Entre nouveautés et relecture incessante de la tradition, le cinéma hongkongais des années 80 et 90 va encore étendre son influence et connaître un véritable âge d’or. Les films de sabre de Tsui Hark mobilisent et digèrent les dernières compétences techniques du cinéma hollywoodien (c’est notamment le cas pour Zu, les guerriers de la montagne magique – 1983) pendant que John Woo, produit par le premier, dissout les frontières entre les genres (film noir, film de guerre) pour les faire converger vers l’action pure au point de la rendre signifiante : agir, c’est déjà penser. À cette opération, sous-tend une idée forte, une vision parfois tragique sur son temps. Associations audacieuses, volontiers intuitives où le cinéma relève parfois du secret de cuisine, ces exemples parmi d’autres inspireront jusqu’aux prototypes régulièrement lancés par le duo To-Wai Ka Fai à partir de la seconde moitié des années 90 lorsqu’une génération de cinéastes hongkongais, inquiets des conséquences de la rétrocession, choisira l’échappatoire offert par Hollywood.
Long arm of the law (1984) de Johnny Mak, produit par Sammo Hung, qui connaîtra lui aussi deux suites, va radicaliser ce qui deviendra une des énergies les plus stimulantes du cinéma d’action hongkongais, à savoir qu’elle y surgit dans des lieux réels de la ville. Et c’est Hong Kong qui devient au cours de ces années l’un des plus fascinants studios-décors du cinéma contemporain emblématisé dans ce film par le fameux quartier de Kowloon Wallet City. Il sera détruit quelques années plus tard. Cette relation profonde qui s’établit entre une ville et son cinéma restera une vérité essentielle jusque dans les films d’auteurs dont ceux de Wong Kar-wai bien sûr. Les tonalités varient, les ambitions aussi, mais plus que jamais au cours de ces années, le cinéma populaire hongkongais affirme avec autant de frontalité que de brusquerie parfois l’aptitude du cinéma de genre à s’intéresser et à penser les réalités de son temps. Ainsi du fantasmatique Wallet City évoqué plus haut, John Woo fera glisser le trio fraternel de Une balle dans la tête (1990) dans l’enfer de la guerre du Vietnam. Les jeux de la petite délinquance et des provocations de rue sont remplacés par les situations extrêmes que la guerre fait surgir.
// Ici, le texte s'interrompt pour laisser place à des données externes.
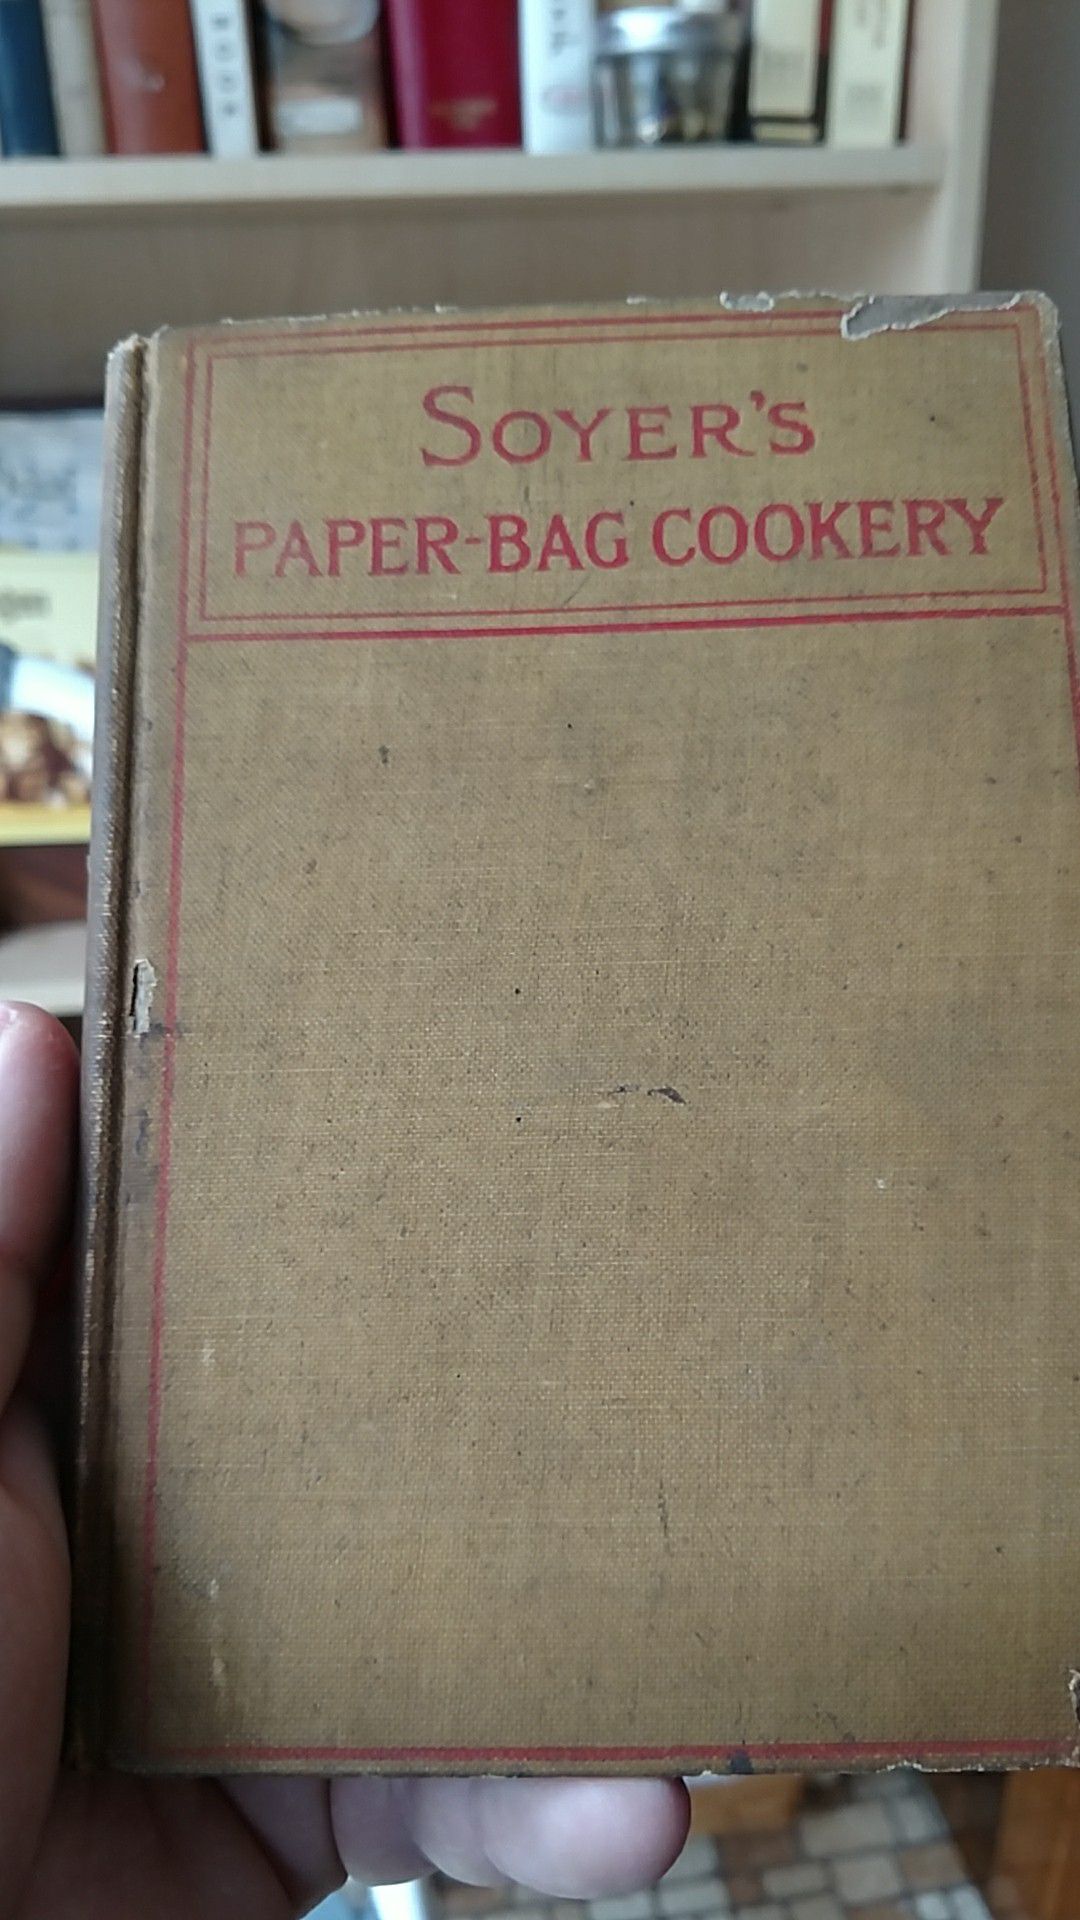 1911 soyers paper-bag cookery

Mais le cadre vietnamien n’écarte pas longtemps l’allusion évidente aux événements récents de Tian’anmen faite par le film à travers l’idée d’une jeunesse sacrifiée, tombant sous les coups et les balles.
Produit par Tsui Hark mais réalisé par Ching Siu-tung, le premier volet d’Histoire de fantômes chinois, remake de The Enchanting Shadow (1960), revisite le film de sabre en soutenant sa dimension fantastique d’une surprenante tonalité érotique (clin d’œil à Li Han-hsiang?) qui donne toute sa cohérence à la plastique d’un film où le désir et la peur font bon ménage. Le film en retire une évidence poétique rarement atteinte par le genre.